Tool orientation is perhaps the biggest challenge faced by the five-axis programmer and machinist. Today’s CNC has a system frame function that easily orients the tool to any new coordinate system. This means the tool can be retracted out of an unknown tool orientation via handwheel and it simplifies the manual movements in an inclined plane of operation. Accounting for the tool tip in a change of orientation is a complementary challenge, but the CNC has a built-in five-axis coordinate transformation function that means the tool tip location tracks the part location during the programmed motion of any rotary axis. This keeps the tool tip in precise and constant perpendicularity or parallel to the surface being machined.

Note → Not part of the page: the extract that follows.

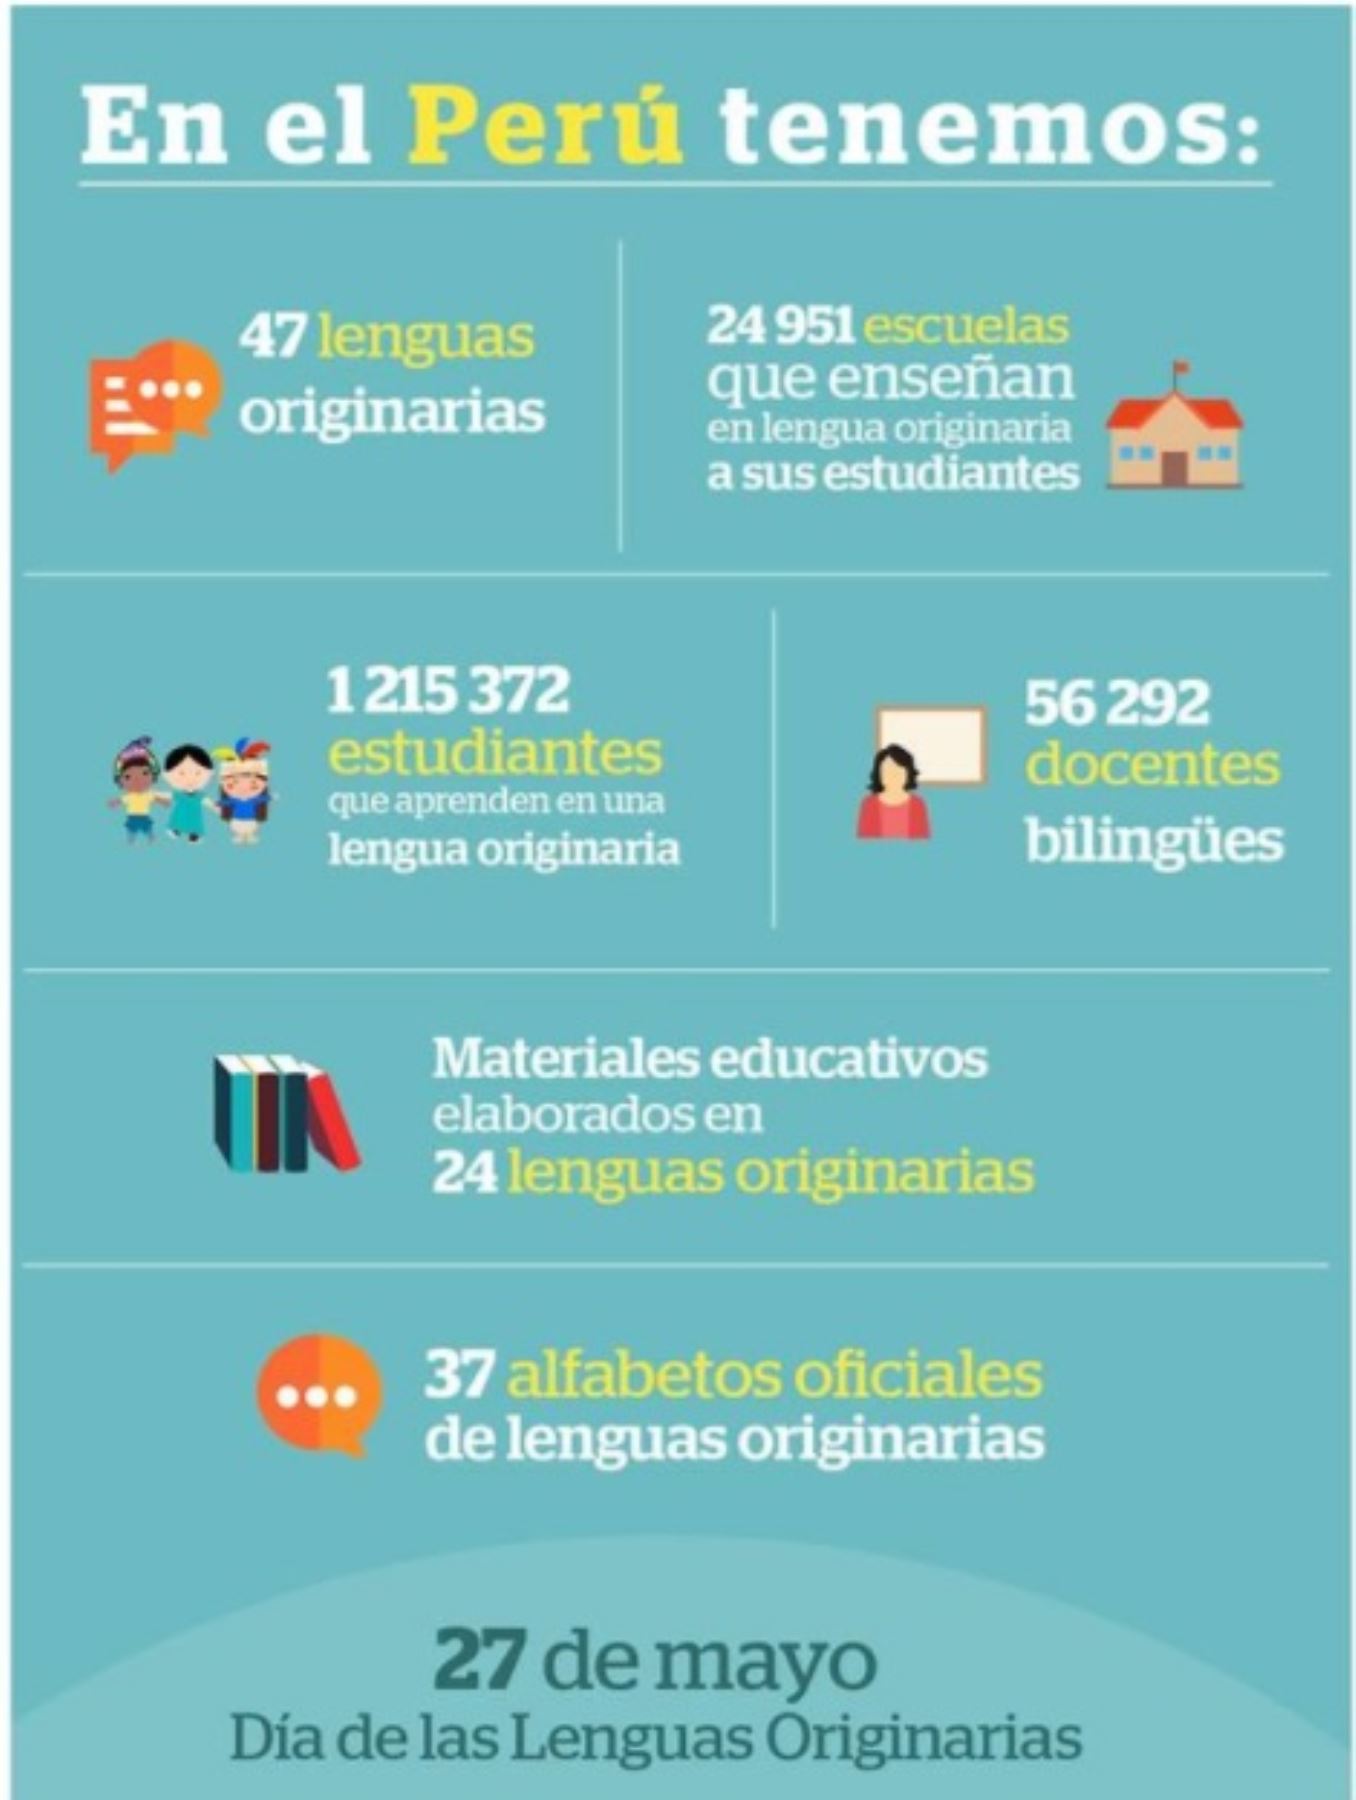 Situación de las lenguas originarias en el Perú, según el Ministerio de Educación.

Hand-in-hand with that challenge is the part surface programming and, here again, the CNC offers totally independent machine tool kinematics in all axes of motion, as well as the ability to integrate those motions with the machine’s physical position coordinates. NC programs are thereby made independent from the machine’s kinematics. Should the need arise for manual programming while machining, the CNC uses a “rotate tool center point” function to provide full five-axis motion in jog mode. In this way, the tool tip follows the part, providing for much easier set-up and recall.

Programming with standard surface vectors in enabled by the CNC orientation change within a plane of operation, which provides greater circular interpolation for a simple function that controls the orientation change. This avoids any violation of straight side wall contours while flank milling. The programming of intermediate set points also becomes obsolete, which further contributes to significant improvements in contour surface quality. Maintaining the correct angle on all sides and corners is further enabled by the CNC, so easy programming of square pockets is done by simply defining the start and end vector.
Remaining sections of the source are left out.